Collection entries

◇ ◇ ◇

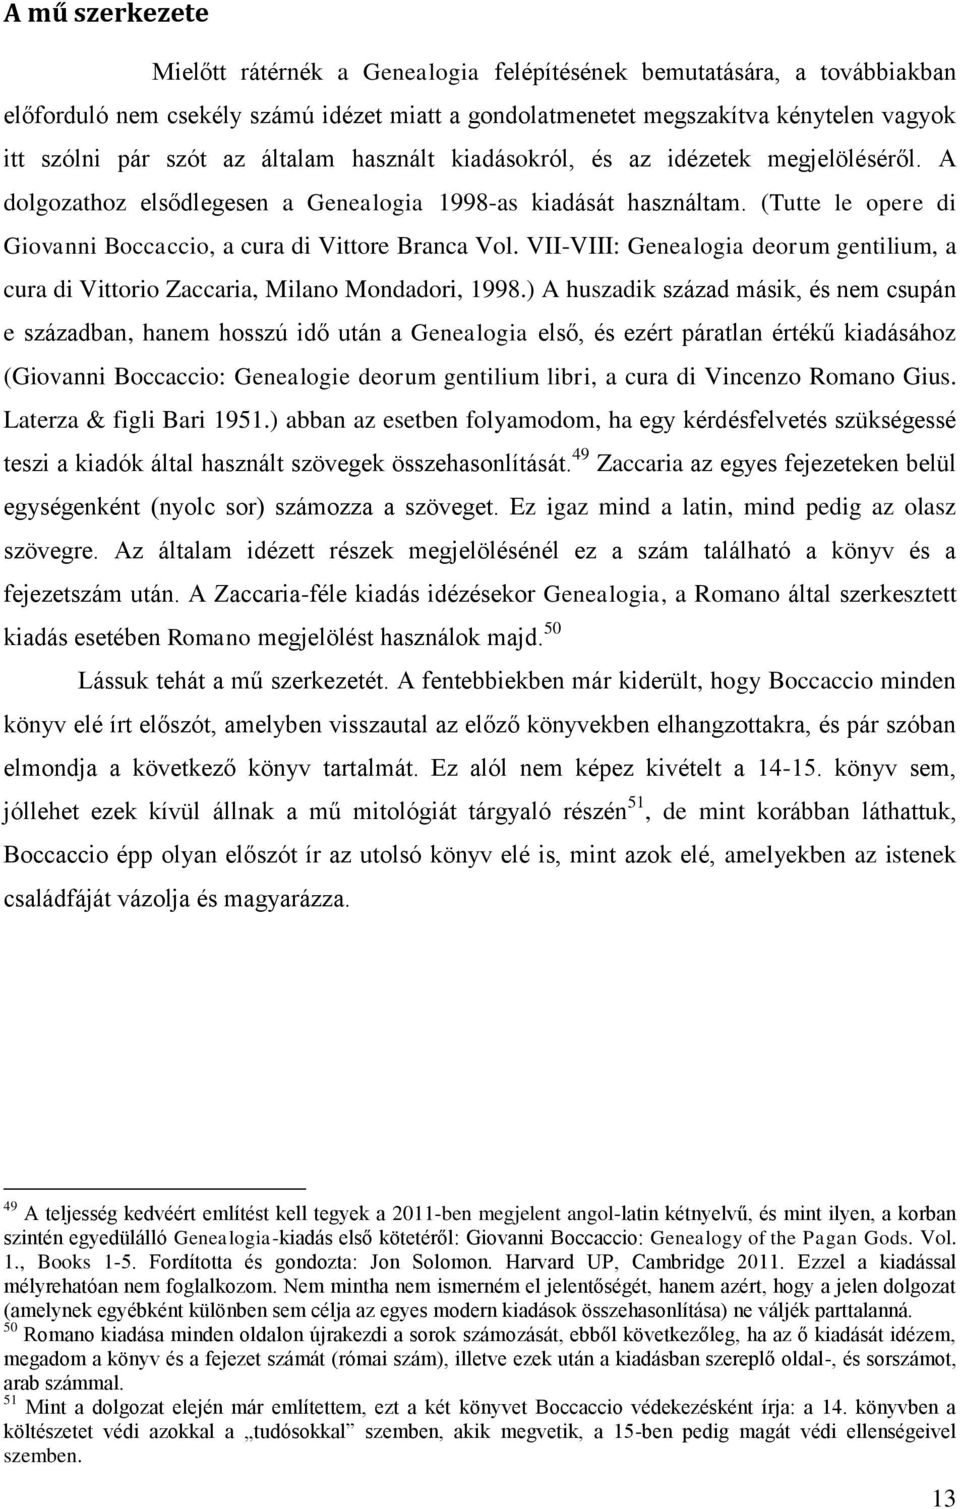 (Tutte le opere di Giovanni Boccaccio, a cura di Vittore Branca Vol. VII-VIII: Genealogia deorum gentilium, a cura di Vittorio Zaccaria, Milano Mondadori, 1998.
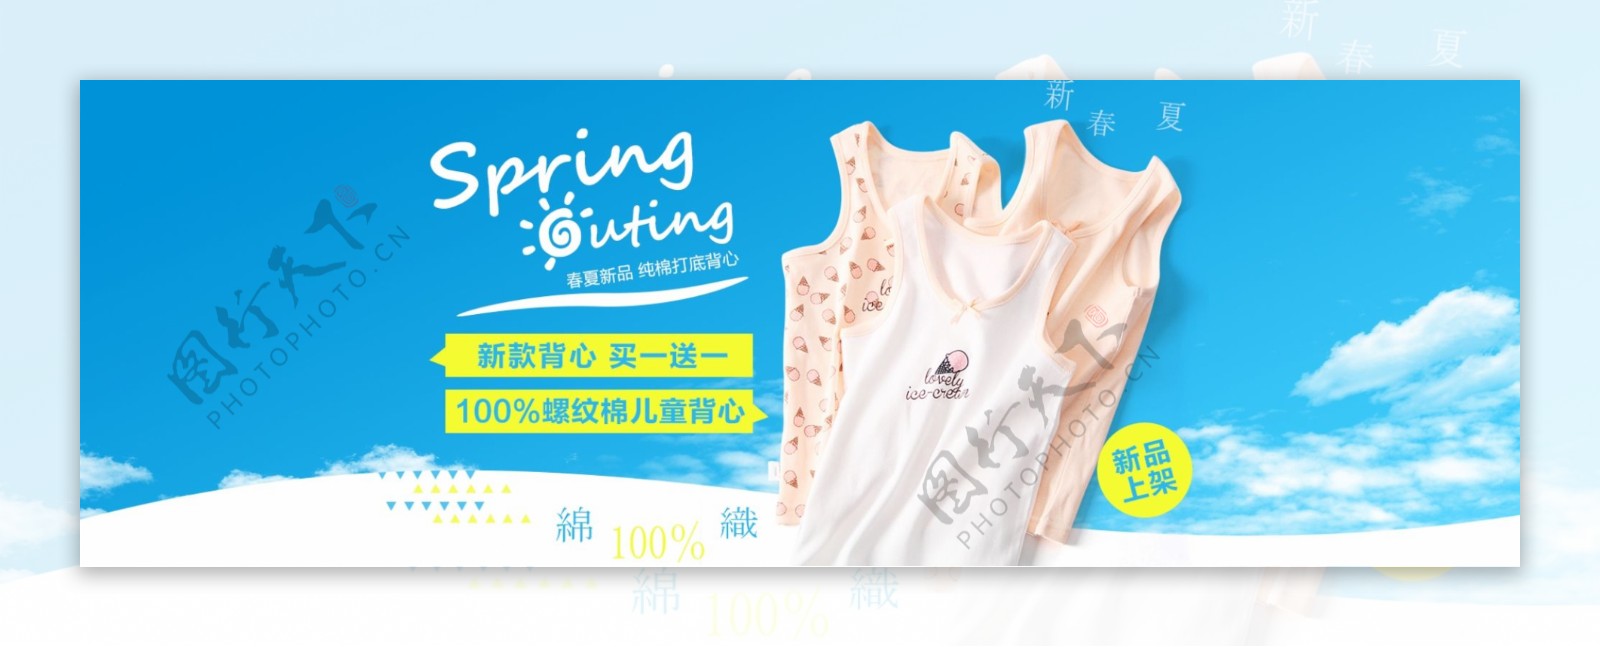 春夏季春季婴儿服装大方海报
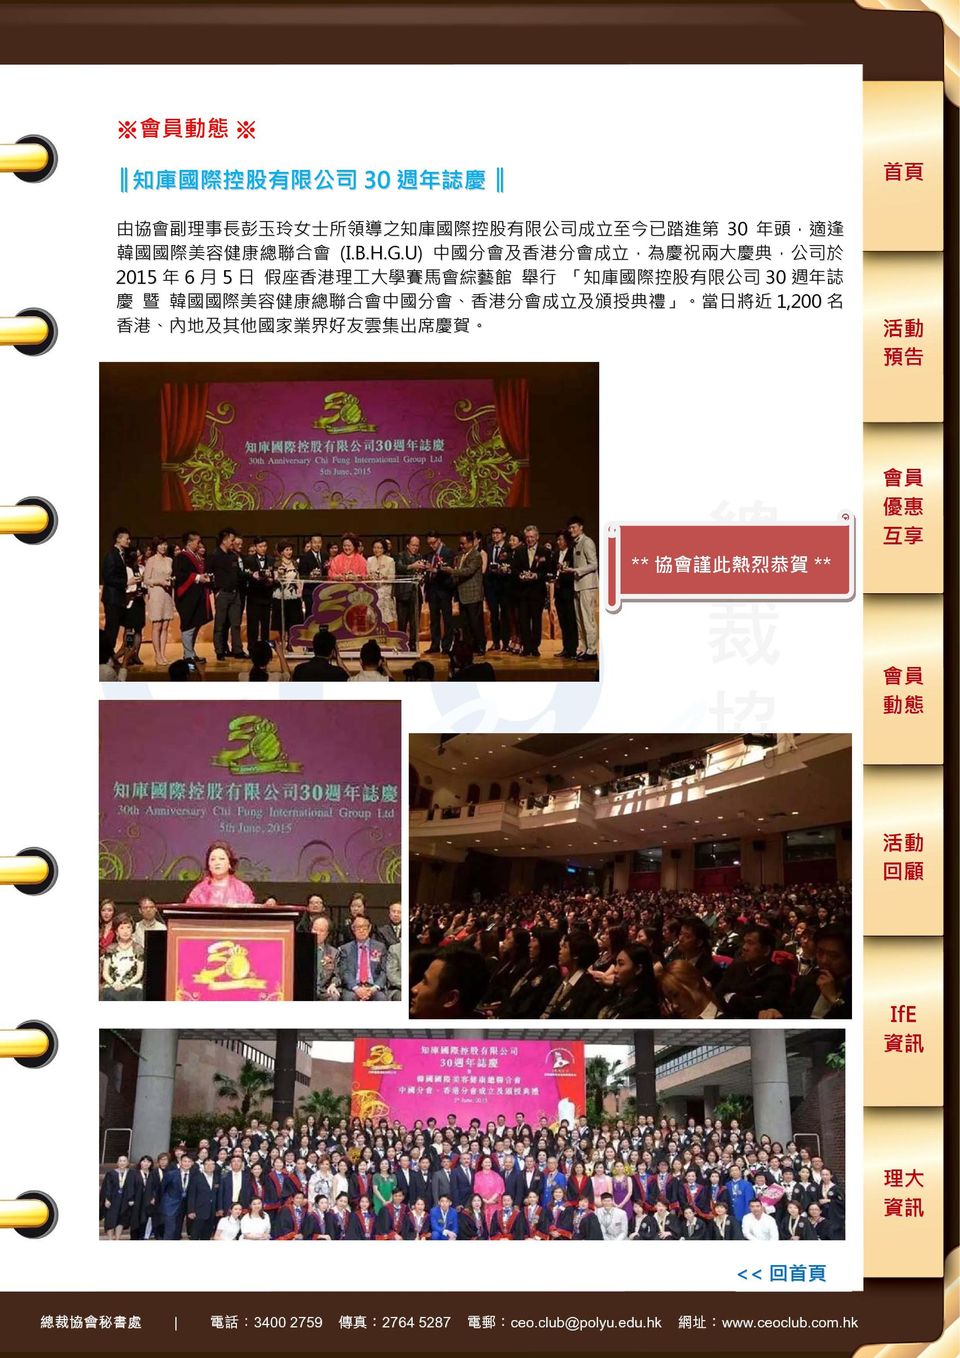 U) 中 國 分 會 及 香 港 分 會 成 立, 為 慶 祝 兩 大 慶 典, 公 司 於 2015 年 6 月 5 日 假 座 香 港 理 工 大 學 賽 馬 會 綜 藝 館 舉 行 知 庫 國 際
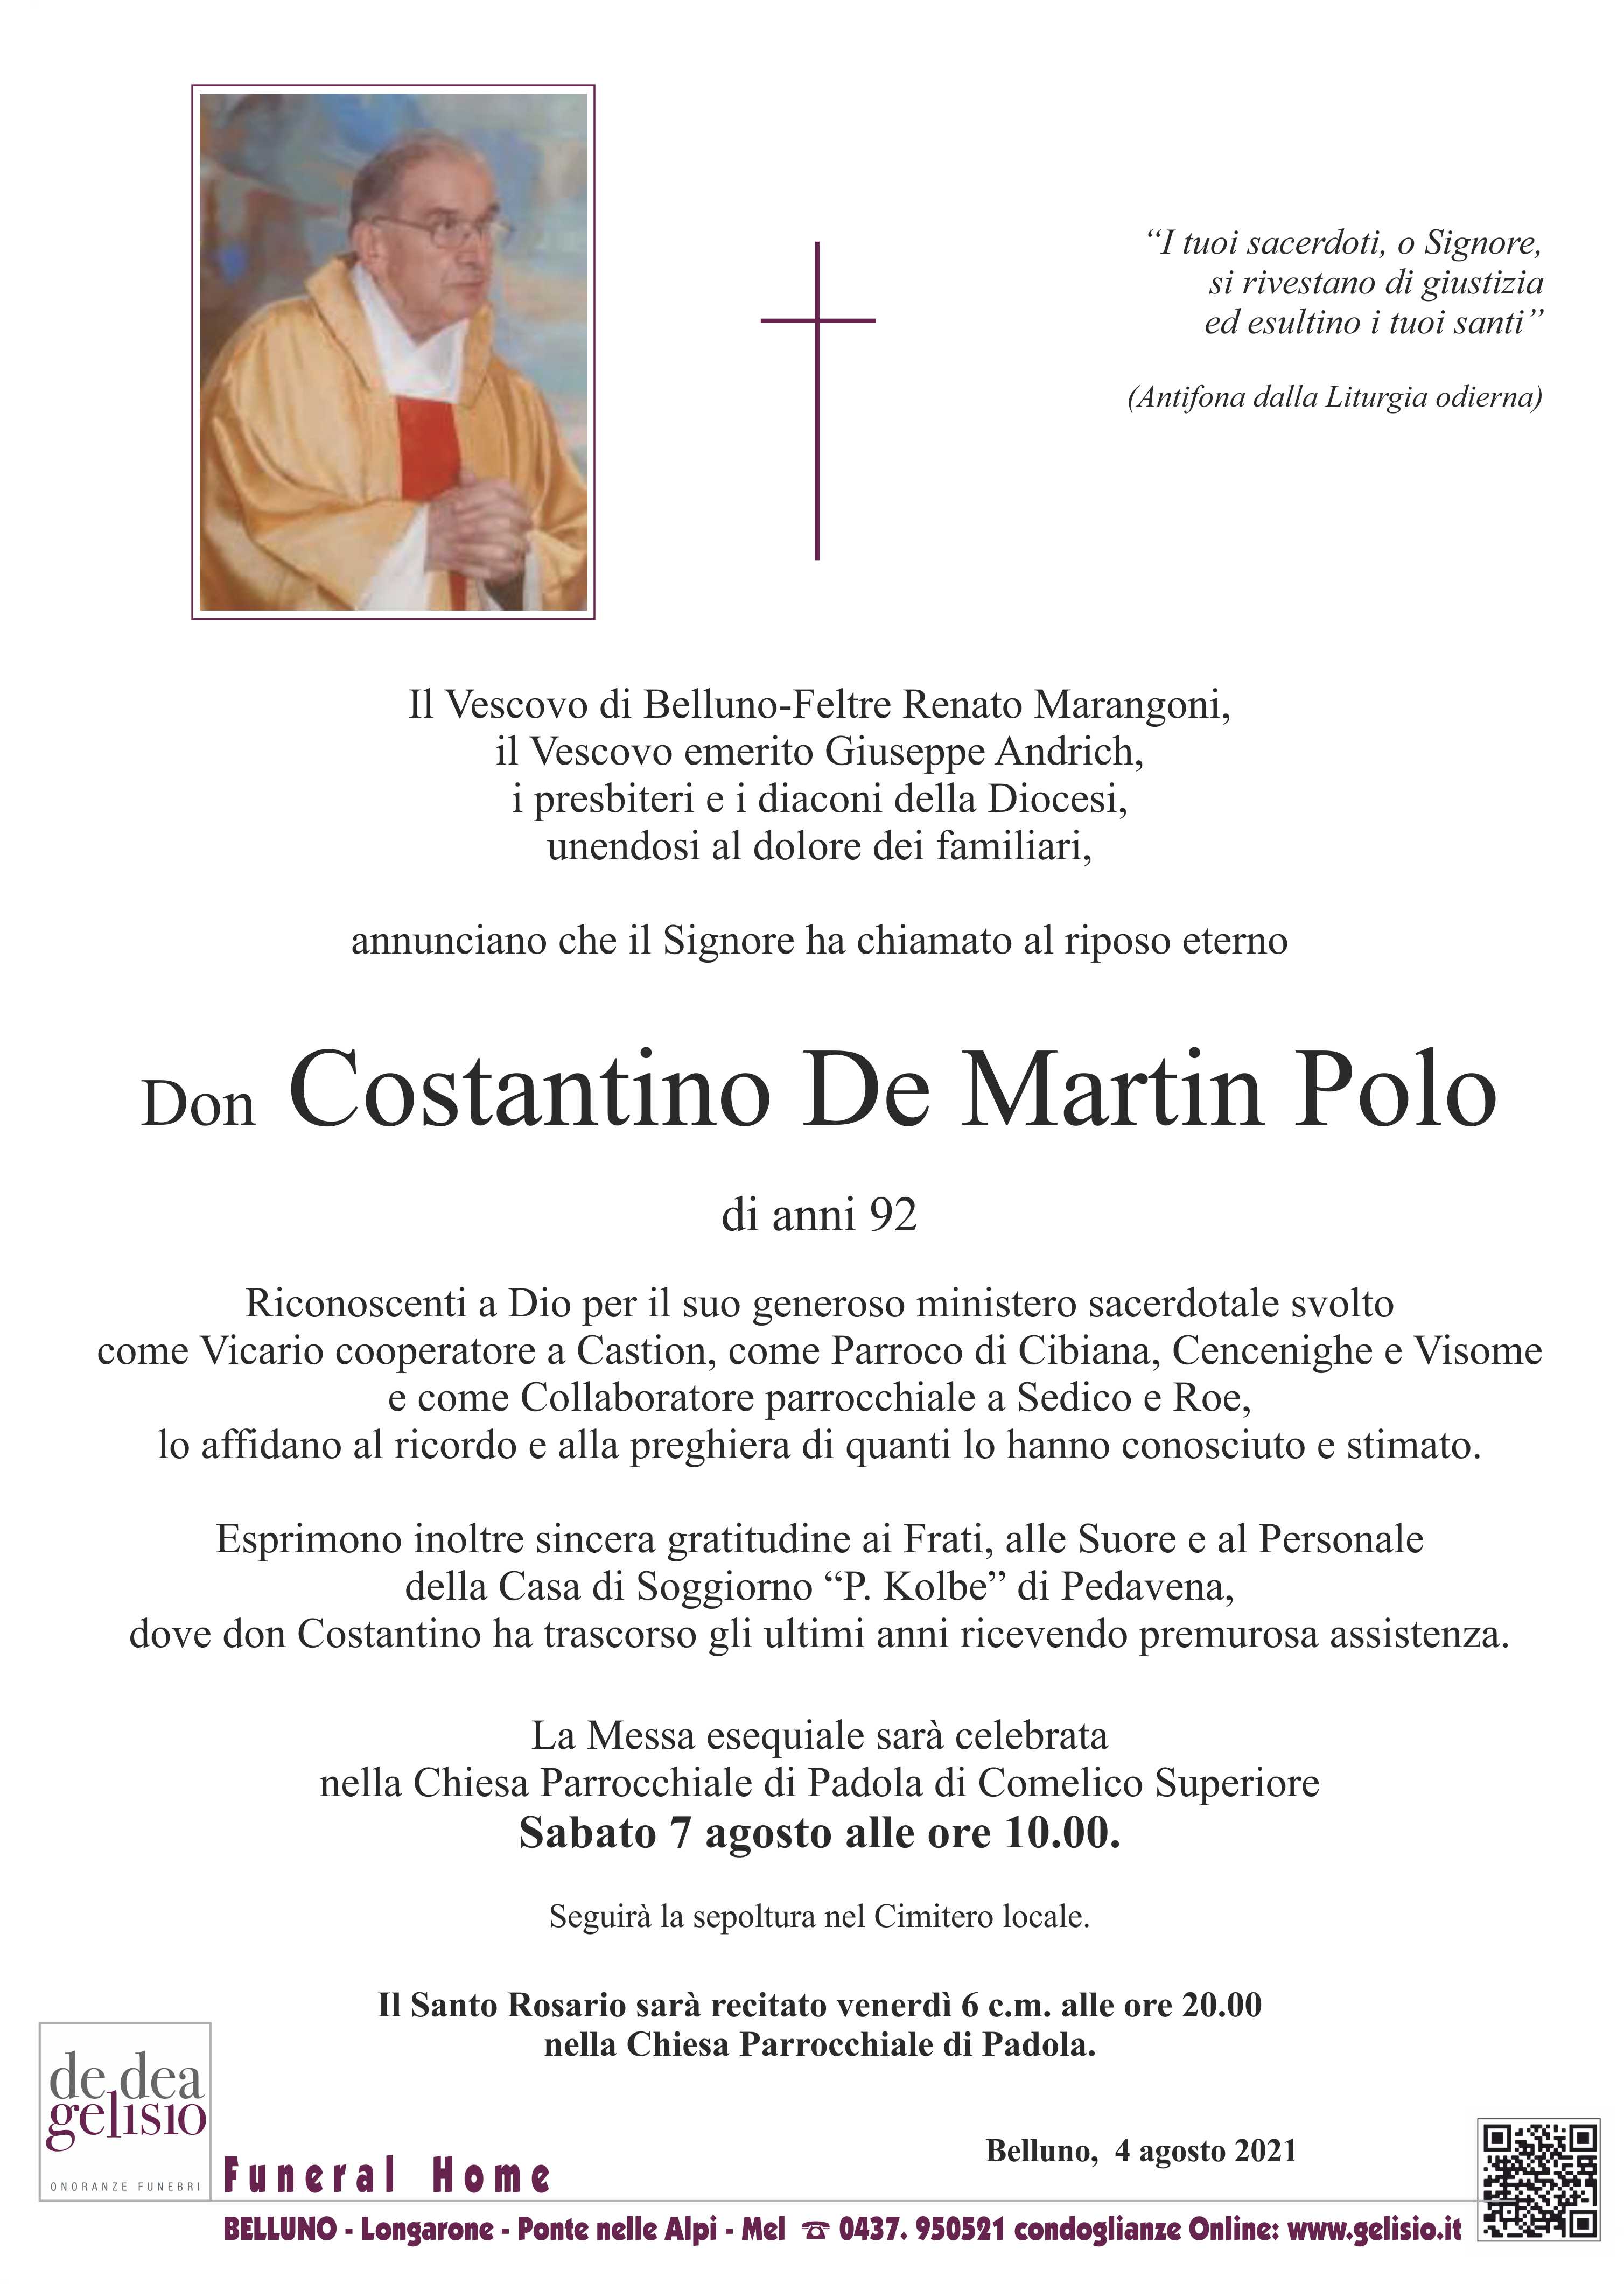 Don Costantino De Martin Polo
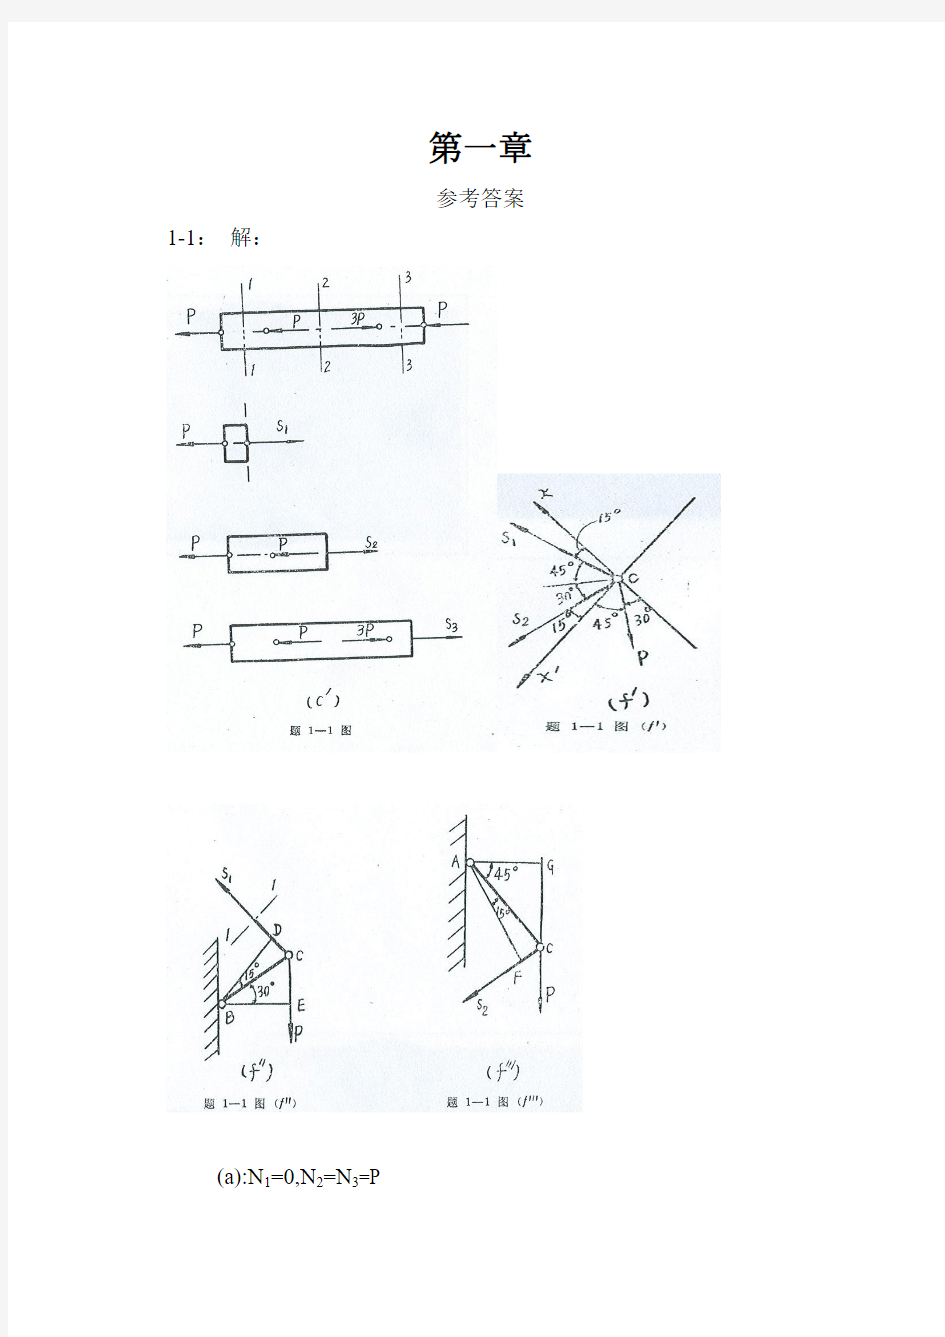 工程力学--材料力学(北京科大、东北大学版)第4版第一章习题答案

◇ ◇ ◇

__TO DO__
The records must be copied with no word altered, and without their pictures.

__ANSWER TO THIS EXERCISE__
 (Tutte le opere di Giovanni Boccaccio, a cura di Vittore Branca Vol. VII-VIII: Genealogia deorum gentilium, a cura di Vittorio Zaccaria, Milano Mondadori, 1998.
 春夏季春季婴儿服装大方海报
 U) 中 國 分 會 及 香 港 分 會 成 立, 為 慶 祝 兩 大 慶 典, 公 司 於 2015 年 6 月 5 日 假 座 香 港 理 工 大 學 賽 馬 會 綜 藝 館 舉 行 知 庫 國 際
 Don Costantino De Martin Polo
 工程力学--材料力学(北京科大、东北大学版)第4版第一章习题答案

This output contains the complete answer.